On 29.01.2025 21:52, Ilia Evdokimov wrote:
... I also attached the benchmark.sh
script used to generate the output.
In my opinion, if we can't observe bottleneck of spinlock on 32 CPUs,
we should determine the CPU count at which it becomes. This will help
us understand the scale of the problem. Does this make sense, or are
there really no real workloads where the same query runs on more than
32 CPUs, and we've been trying to solve a non-existent problem?

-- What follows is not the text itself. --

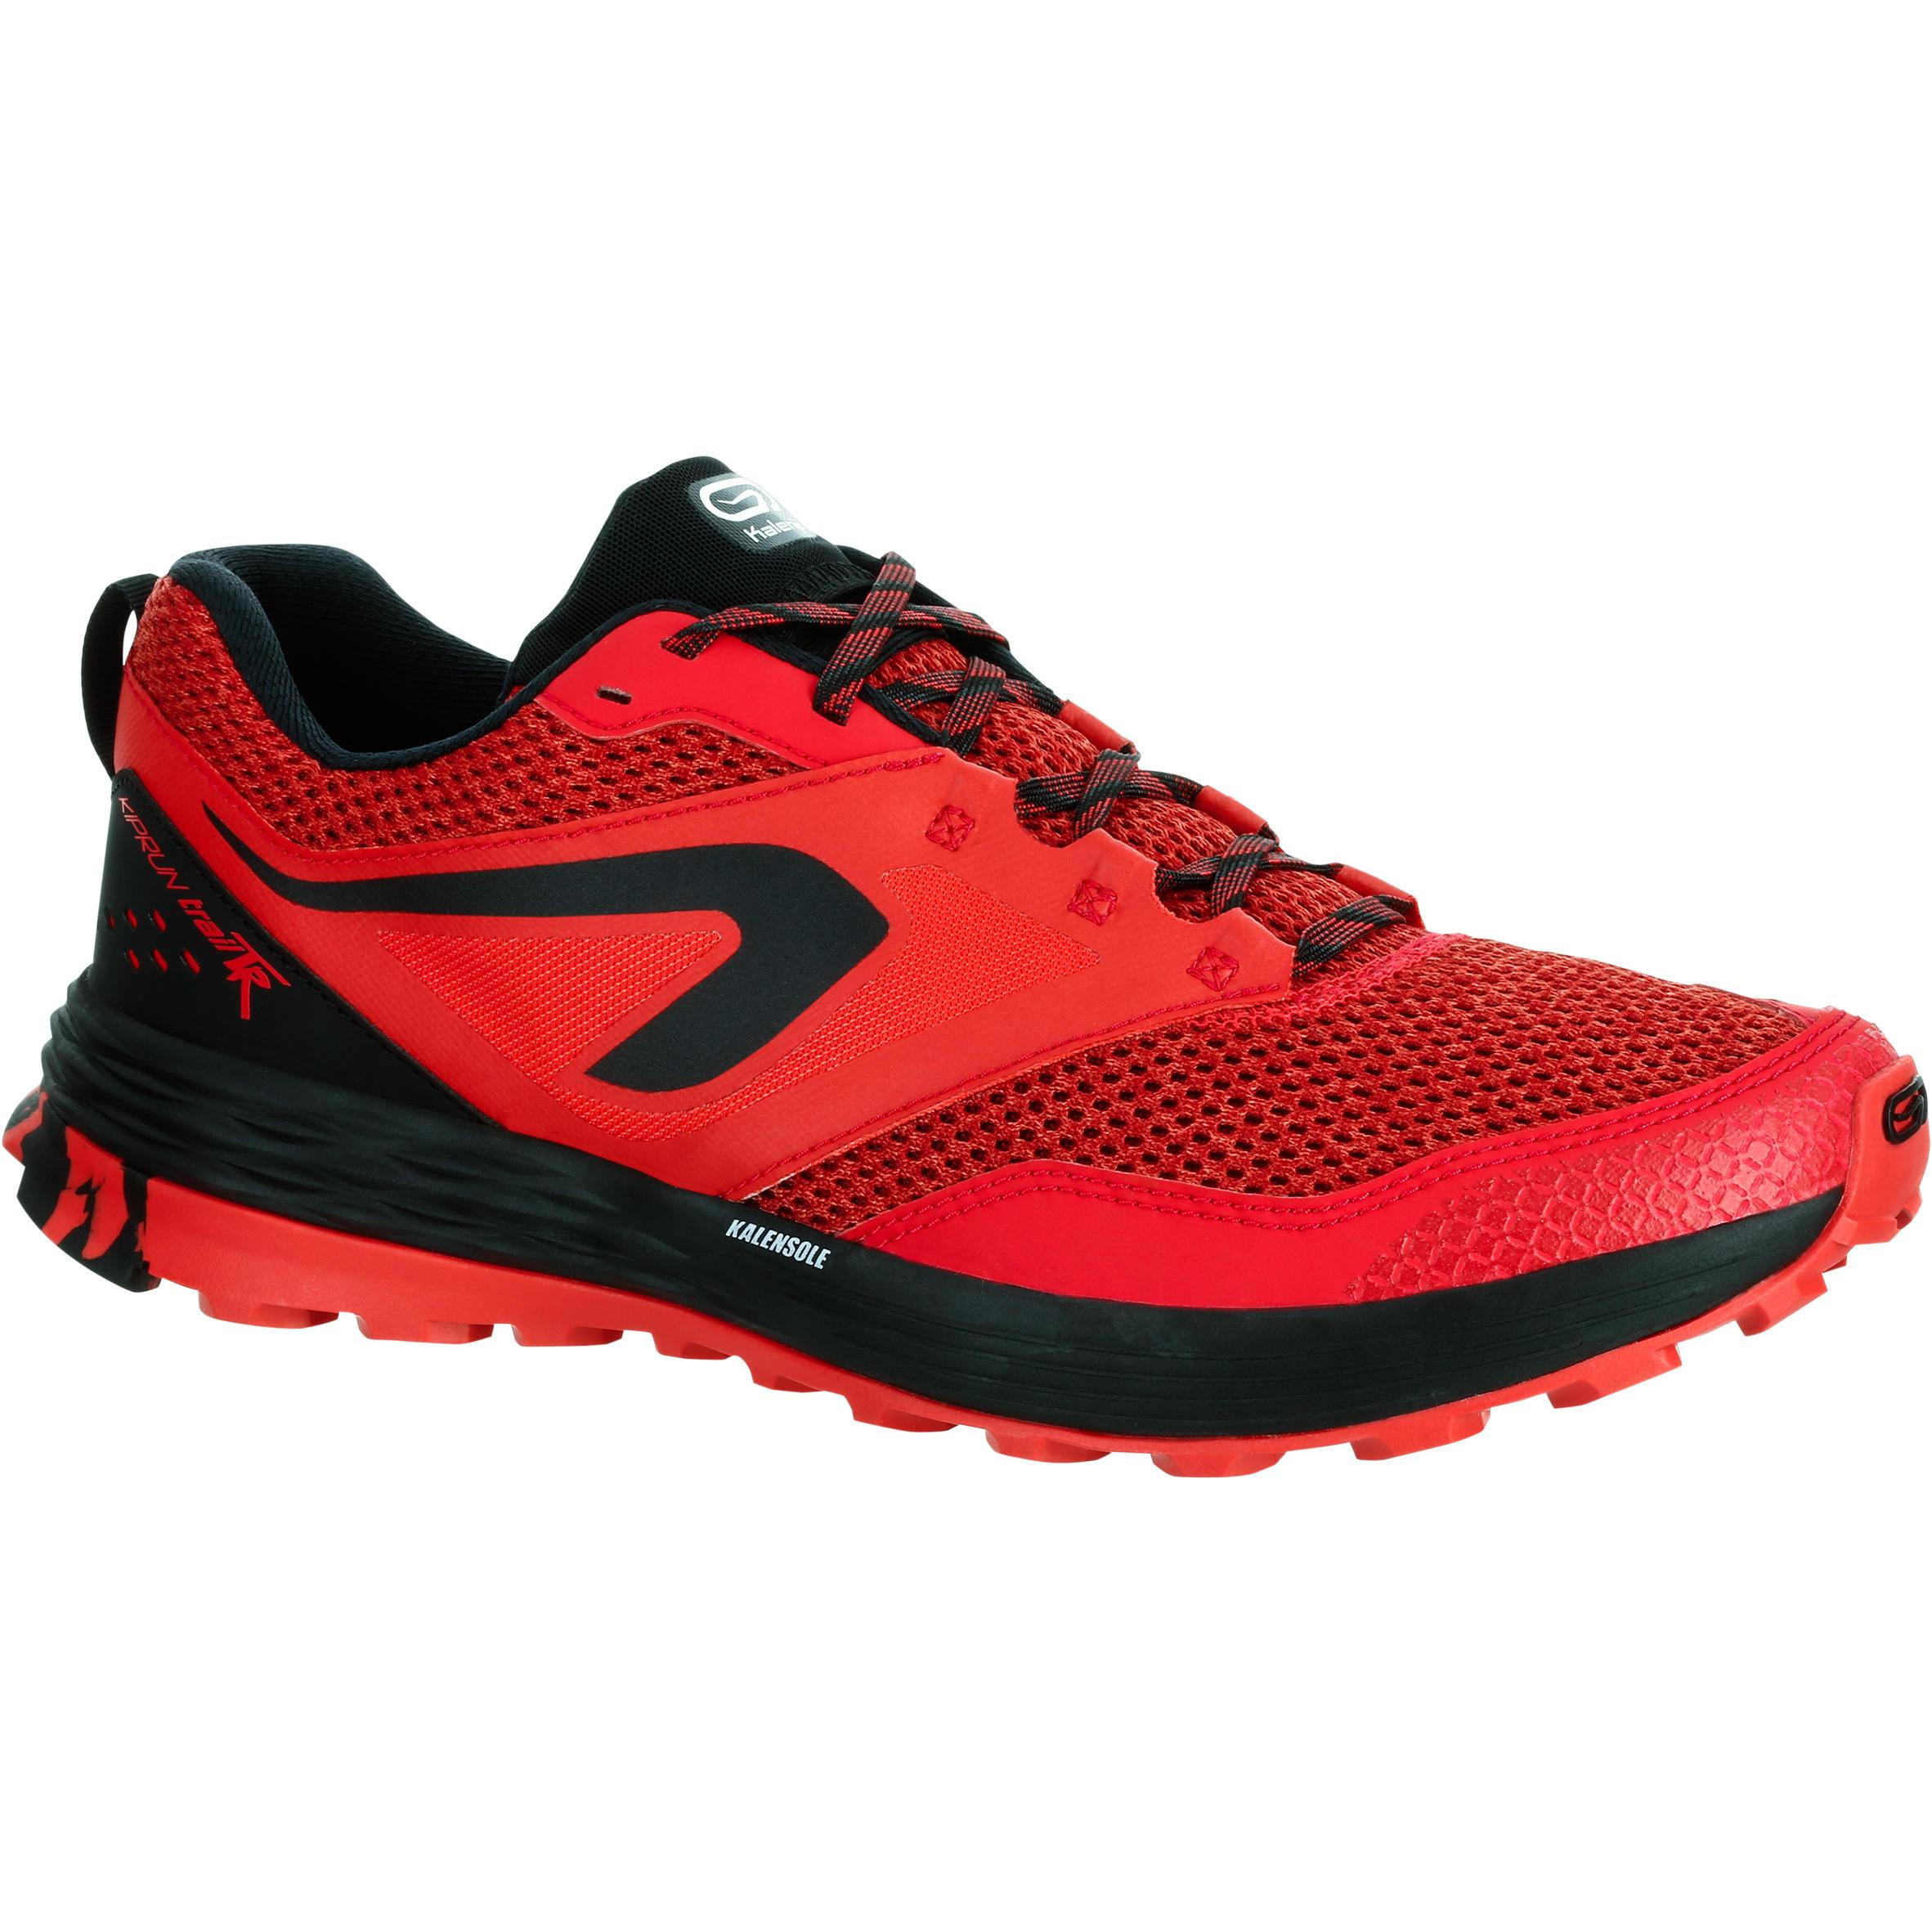 Homme Noir Tjfclk1 Chaussure Running Rouge Trail Tr Kiprun ZOPXiku
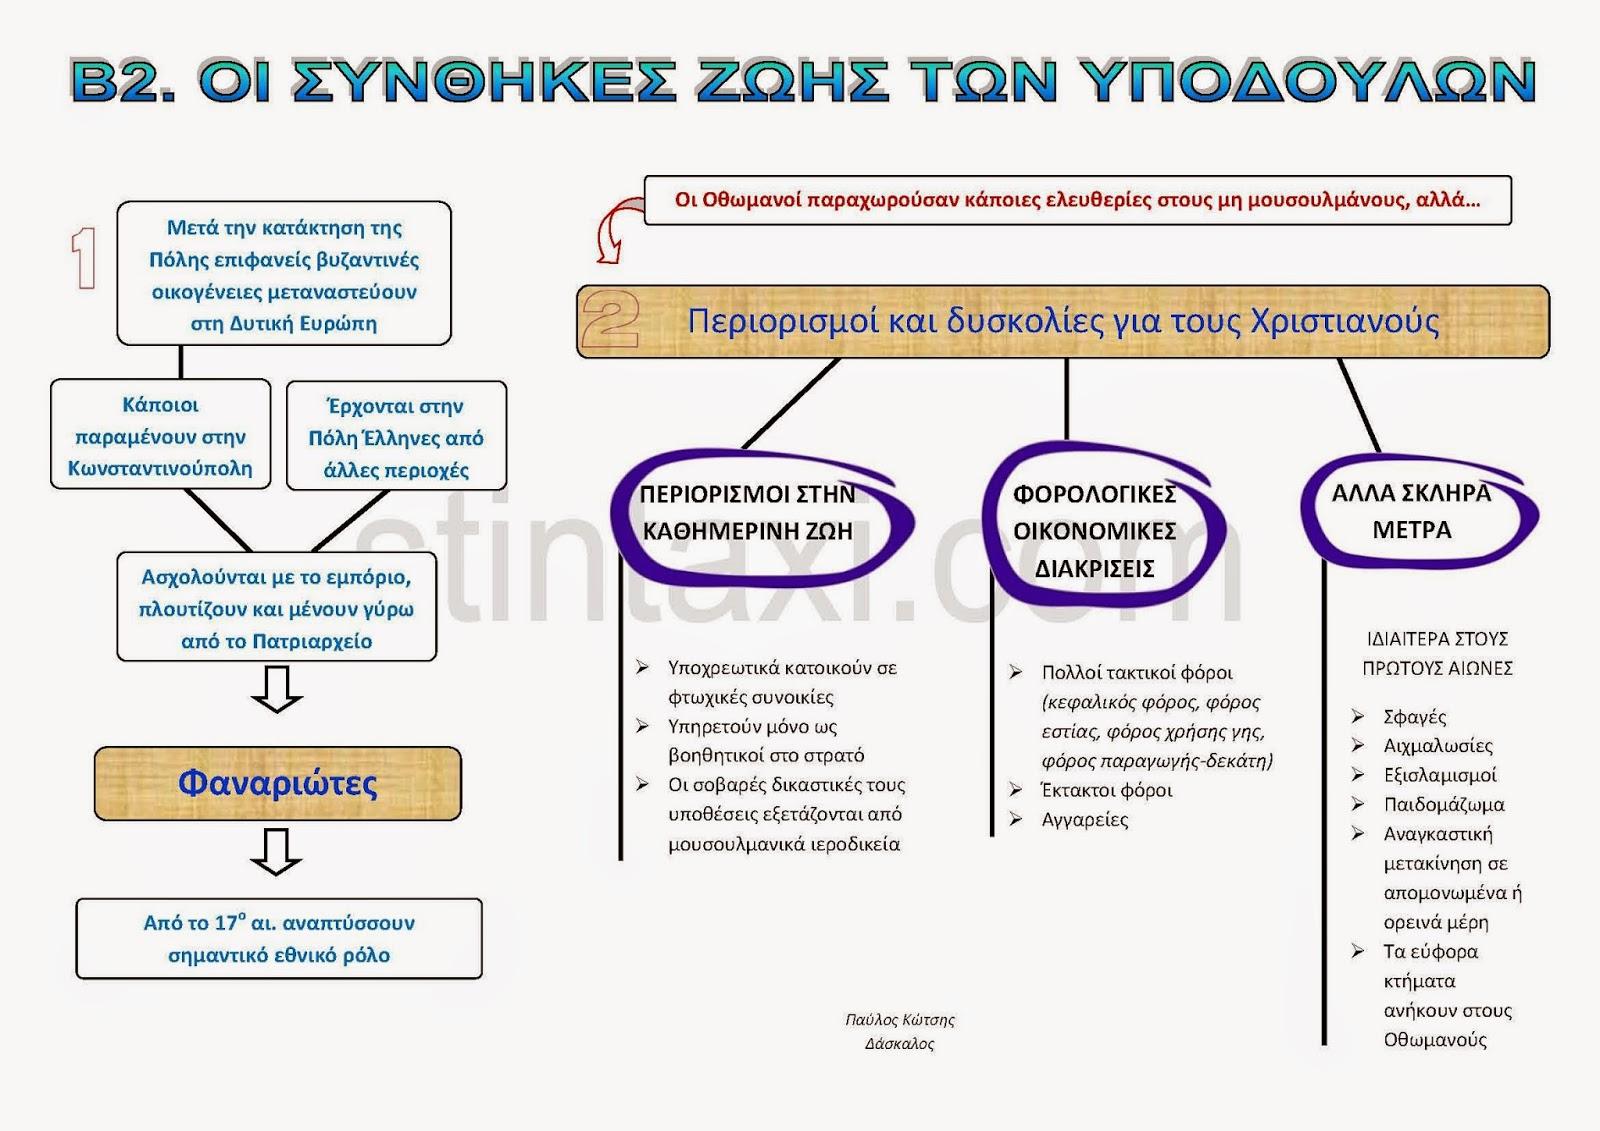 b2-sinthikes-zois-v2.1

I ran the same benchmark on 48 CPUs for -c 48 -j 20 for objectivity.
### 48 connections
pgbench -c48 -j20 -S -Mprepared -T120 --progress 10
sample_rate = 1
tps = 643251.640175 (without initial connection time)
waits
-----
932 ClientRead
911 CPU
44 SpinDelay
sample_rate = .75
tps = 653946.777122 (without initial connection time)
waits
-----
939 CPU
875 ClientRead
3 SpinDelay
sample_rate = .5
tps = 651654.348463 (without initial connection time)
waits
-----
932 ClientRead
841 CPU
sample_rate = .25
tps = 652668.807245 (without initial connection time)
waits
-----
910 ClientRead
860 CPU
sample_rate = 0
tps = 659111.347019 (without initial connection time)
waits
-----
882 ClientRead
849 CPU
There is a small amount ofSpinDelay, as the user mentioned. However, we
can identify the threshold where the problem appears.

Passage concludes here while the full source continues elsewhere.